I should, despite conclusions you may jump to from the photograph that accompanies this article, be a little too young to use certain phrases.
Not that it stops me. Phrases like "ooh me back", "I remember when we used to get proper snow" and the like, are often heard on my surely too young lips.
I'm about to employ another phrase that I shouldn't,
by rights, be using. But they really d
on't make 'em like they used to.
I was only seven years old when Play for Today was taken off the air in 1984. You might think – given that my main preoccupations back then, like all seven year old boys, were building dens with my younger brother and my penknife – that I am unqualified to write about Play for Today (PFT). But it's precisely because I was a wee bairn when it was taken in an untimely fashion from the screens that I am well placed to comment on this national institution.
PFT was transmitted on BBC1 from 1970 to 1984. Its passing has long been mourned.
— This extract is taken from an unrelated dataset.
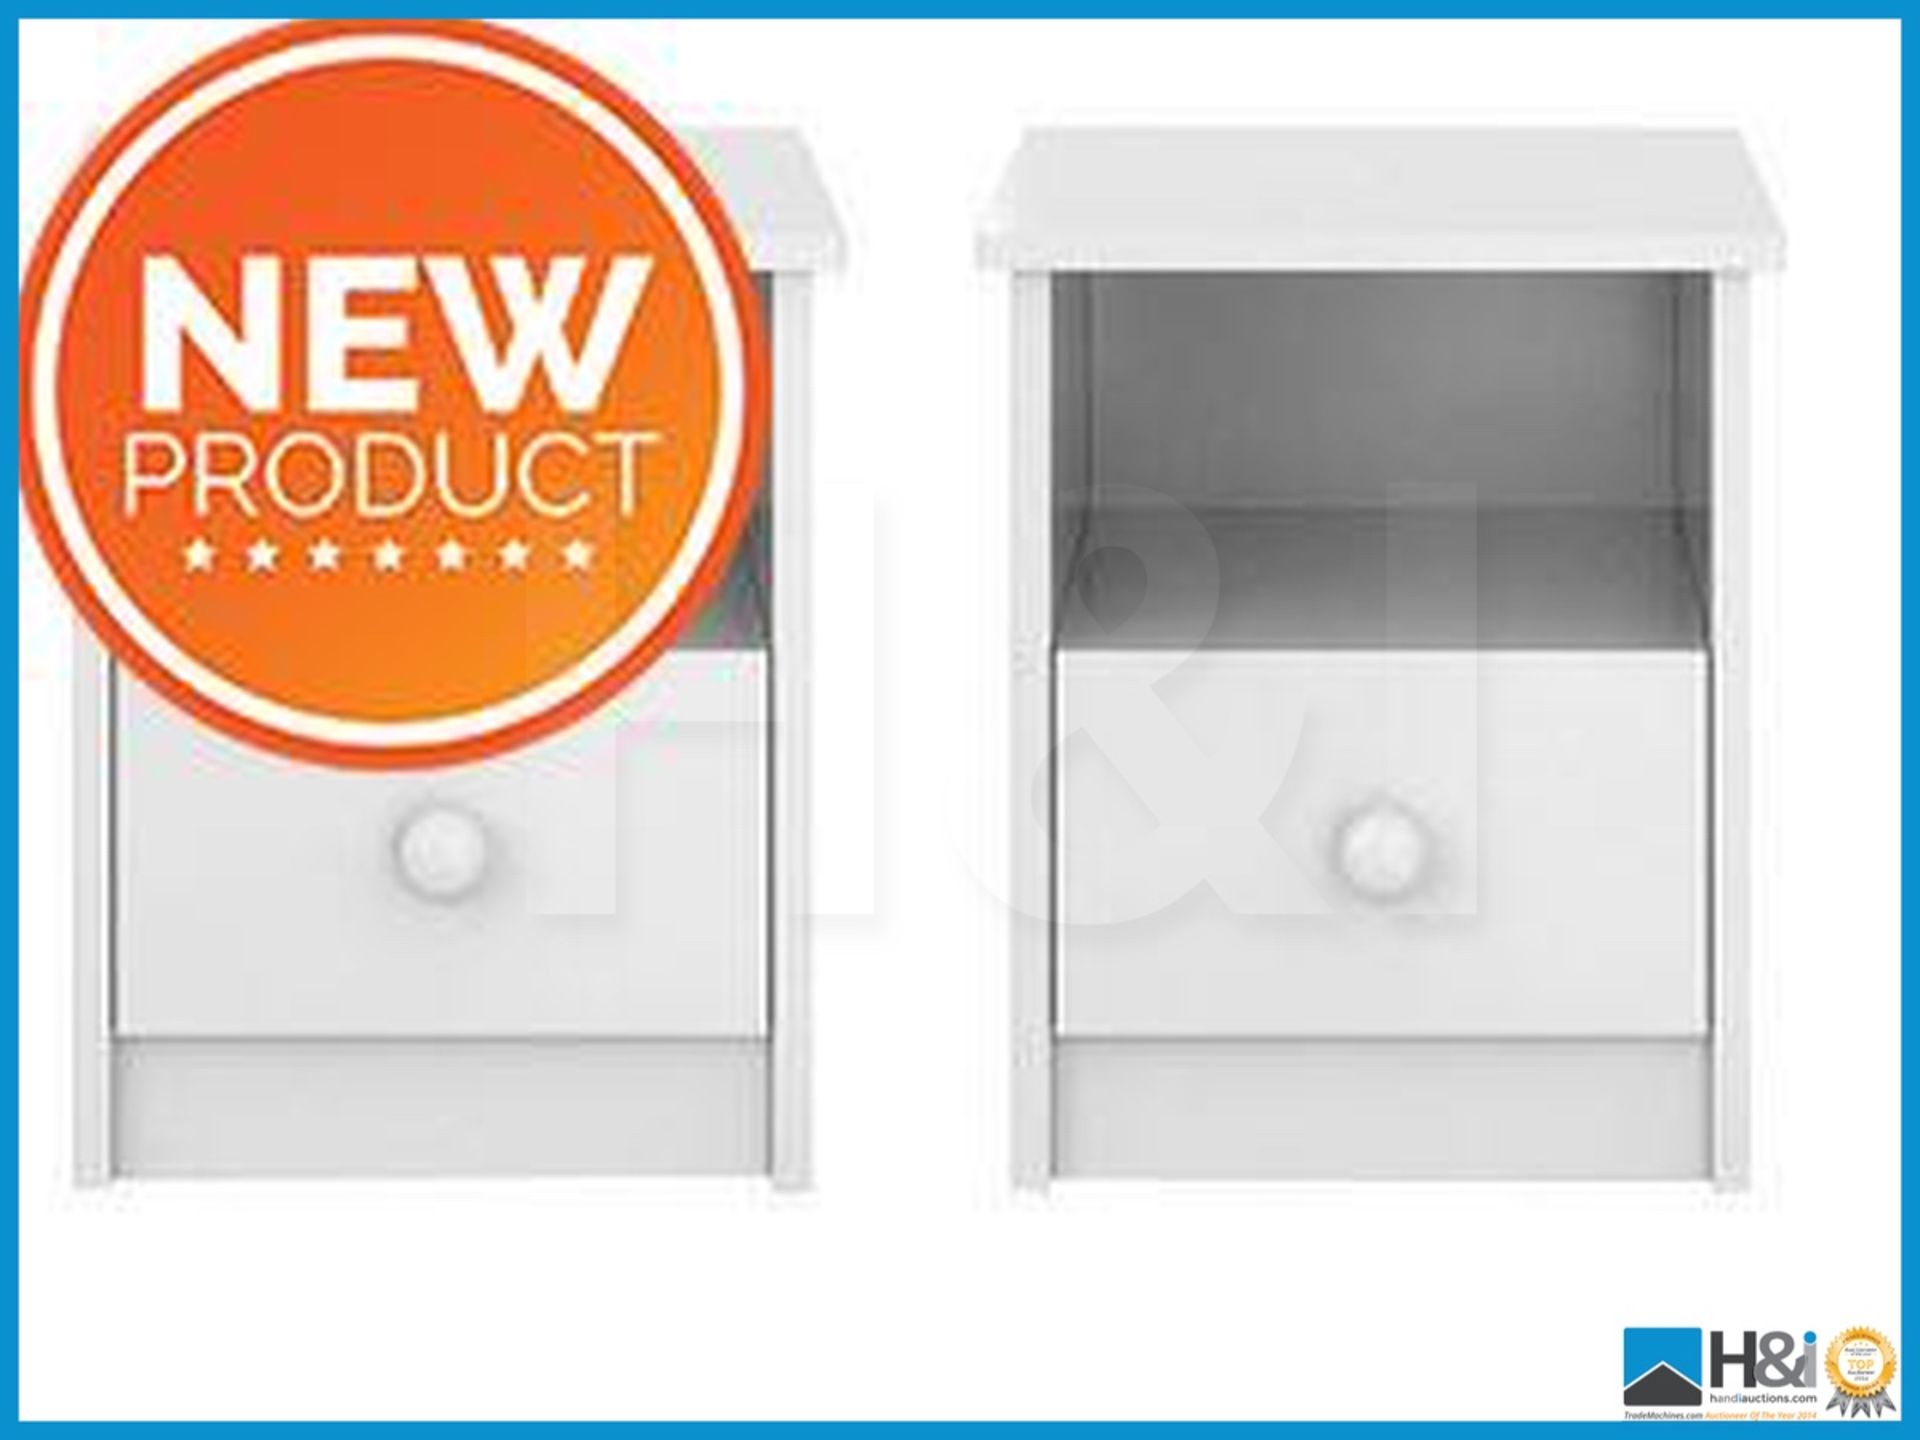 NEW IN BOX BANBURY 1DRAWER PAIR BEDSIDE [WHITE] 47 x 40 x 42cm RRP £259 Appraisal: Viewing Essential

Indeed, earlier this year Kevin Spacey – an American, of all people – was telling us that we ought to bring the show back.
Who is this American telling us how to run our television drama? We asked in that pompous way the British have, perfectly manifest in Michael Gove MP, who disagreed with Spacey and whose ability to irritate is directly linked to his ubiquity.
As such he has become recently very irritating (seriously, why exactly do I keep seeing the Shadow Secretary of State for Children on Newsnight Review? What's next, Germaine Greer advising on education policy?)
The point is that Spacey, seen as a curiosity when he first took over the Old Vic – and in plenty of quarters was not given the respect he has gone on to earn – has been a shot in the arm to British theatre, helping to reinvigorate it. Perhaps we should listen when he tells us we should not have discarded, and continue to ignore, the great British institution Play for Today.
It is staggering to imagine once upon a time there was a weekly new drama on the screens of British television.
The biggest weekly show we have these days is X Factor.
Saturday nights have been turned over to the talent show. The lives of ordinary men and women who dream of a better future are laid bare and shown to us – the viewing figures suggest about 12 million of us.
I tuned in to see what the fuss was about and it is fascinating. All human life is there.
The show is saturated in real drama played out among these vivid and fascinating characters.
You know where vivid and fascinating characters on television used to come from? The scripts of John Osborne, Dennis Potter, Alan Bleasdale and David Storey.
You know who used to direct the fascinating stories these people wrote? Ken Loach, Mike Newell, Alan Clarke, Michael Apted. Giants all and who all worked for Play For Today.
To return to my earlier theme, those really were the good old days.